- Dataset extract:
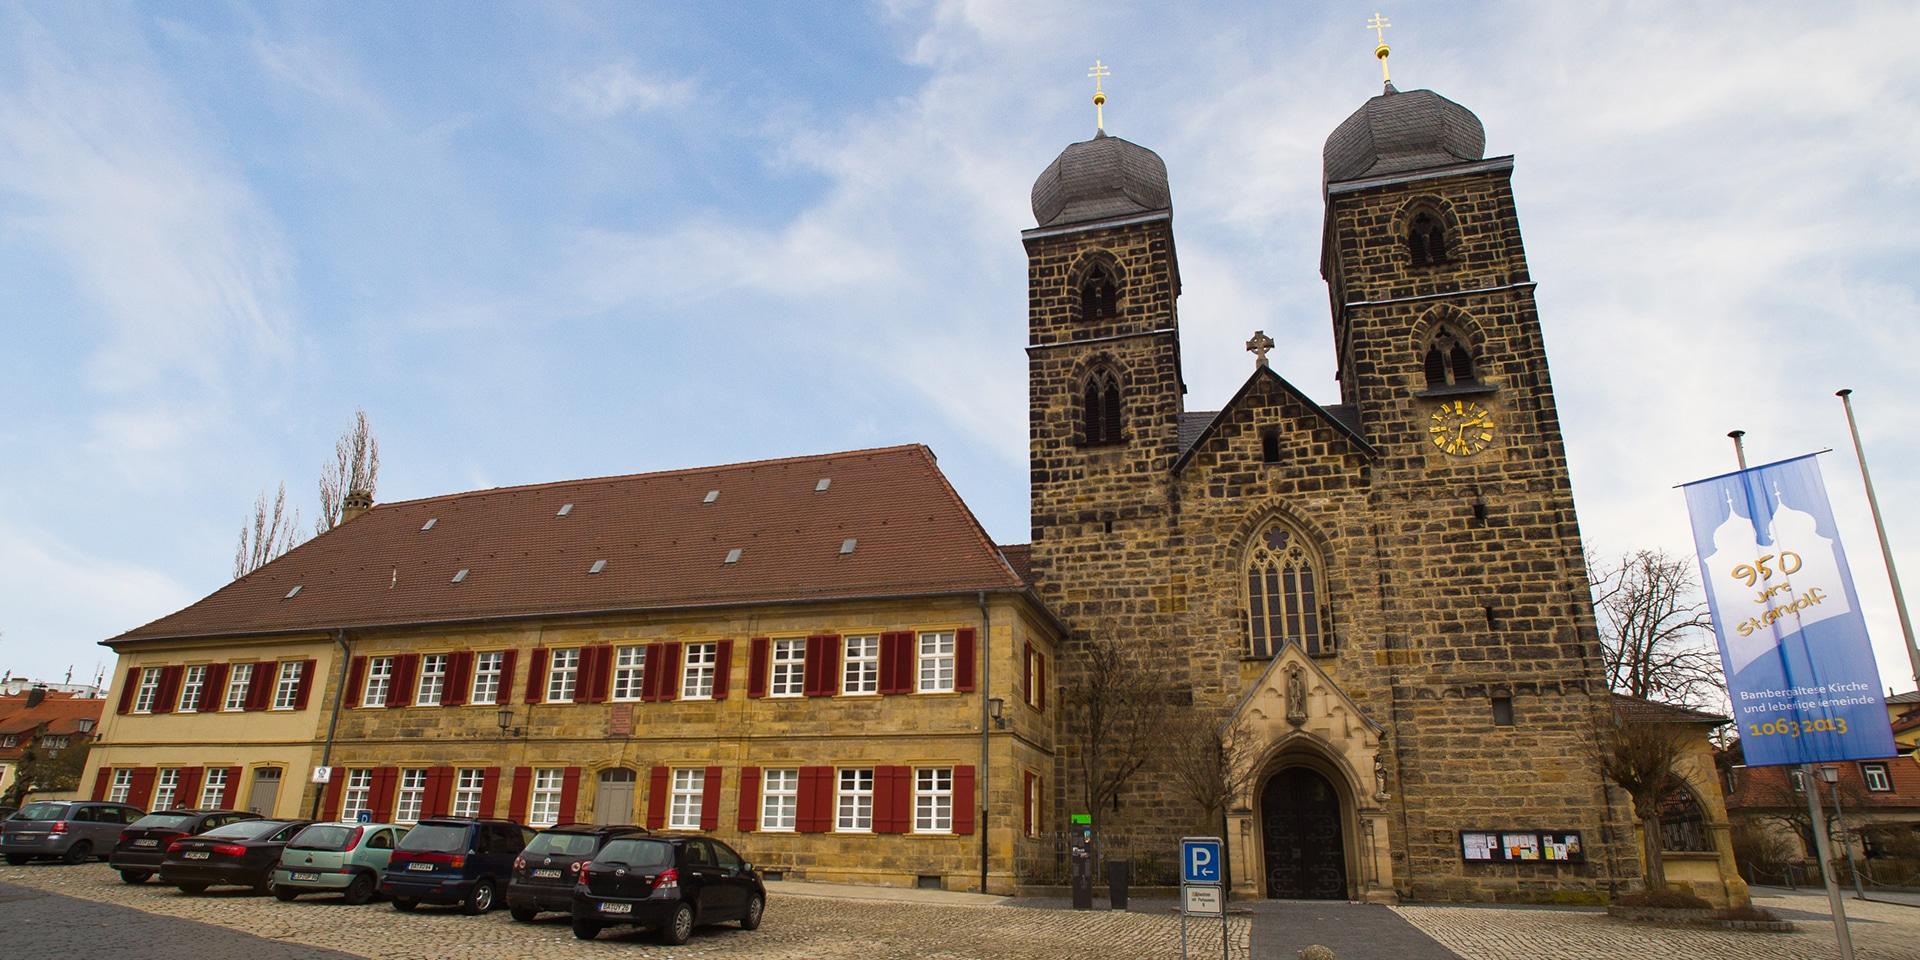 st gangolf bamberg - St. Gangolf
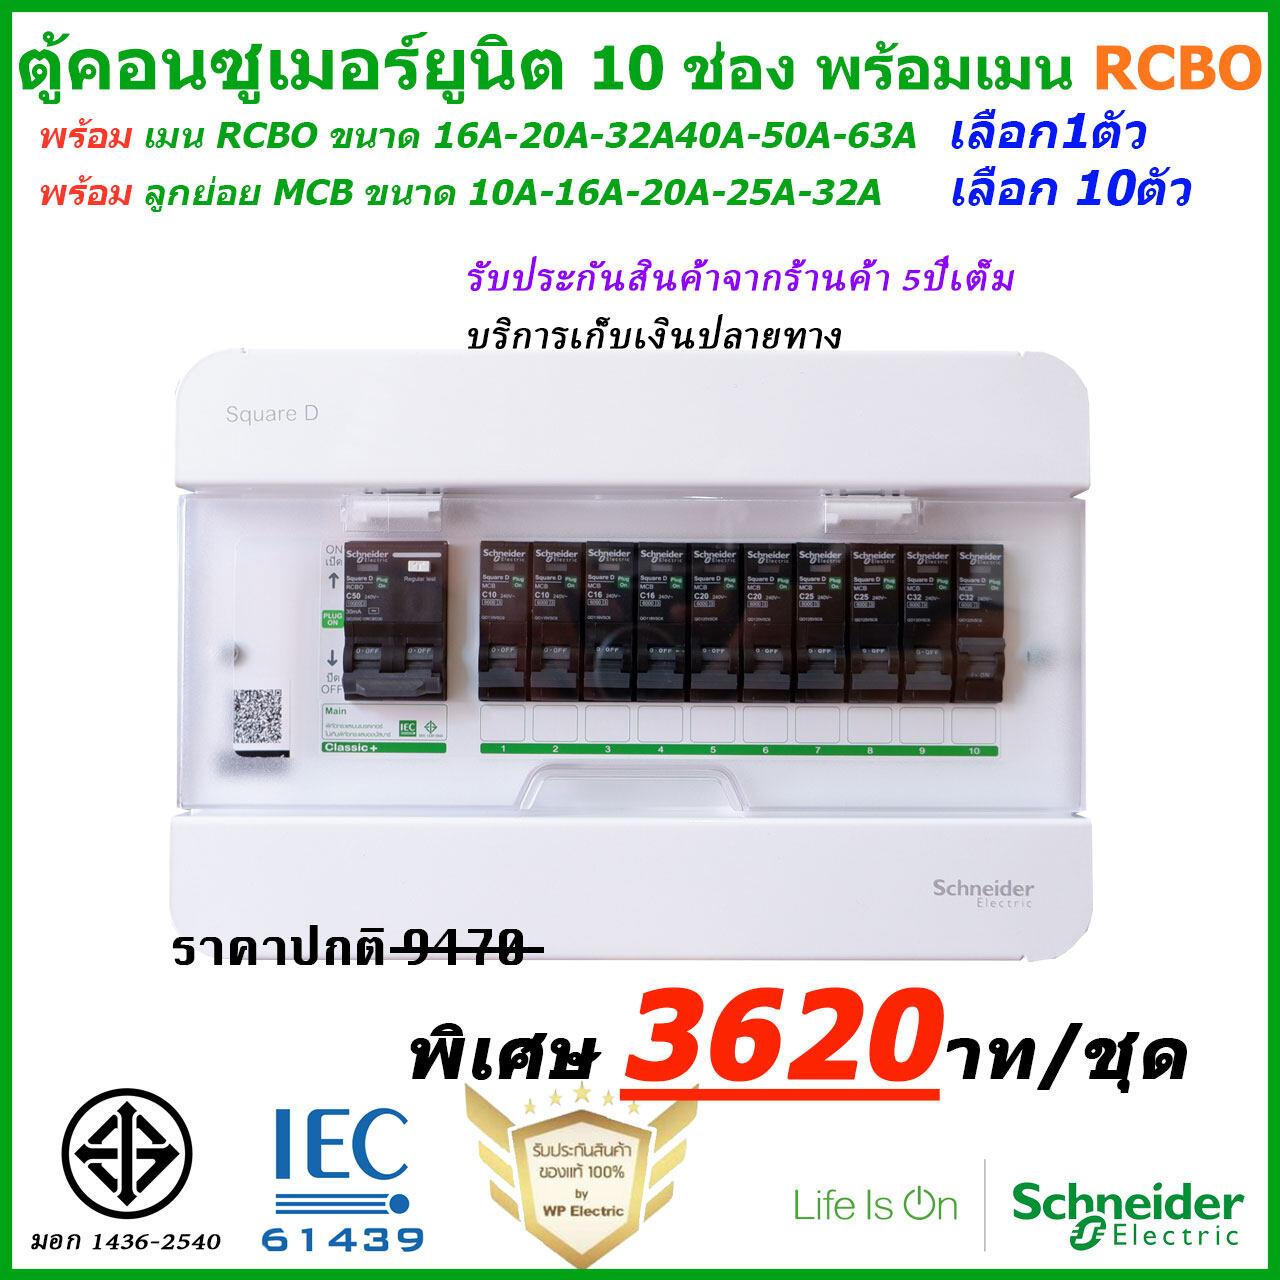 ชุดตู้คอนซูเมอร์ 10 ช่อง พร้อม เมนRCBO=1ตัว + ลูกย่อยMCB = 10ตัว ยี่ห้อ Schneider ผ่านมาตรฐานการไฟฟ้า 100%
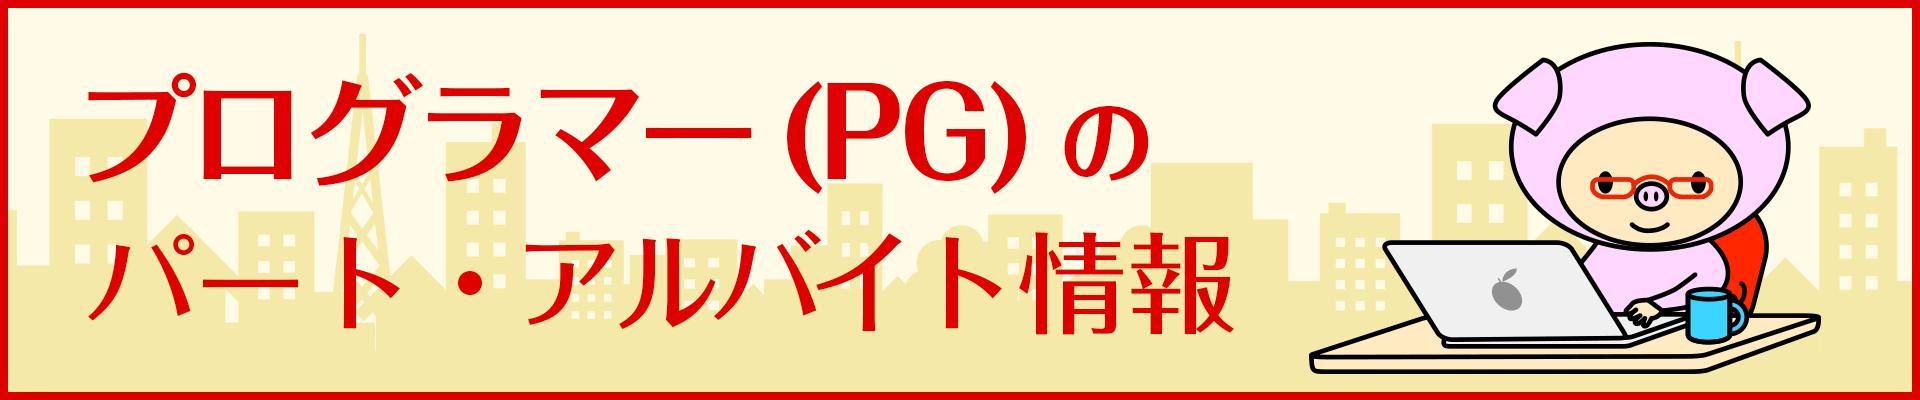 プログラマー(PG)

- Work item:
From start to finish, output the listing exactly, but omit its pictures.

- Response:
 st gangolf bamberg - St. Gangolf
 ชุดตู้คอนซูเมอร์ 10 ช่อง พร้อม เมนRCBO=1ตัว + ลูกย่อยMCB = 10ตัว ยี่ห้อ Schneider ผ่านมาตรฐานการไฟฟ้า 100%
 プログラマー(PG)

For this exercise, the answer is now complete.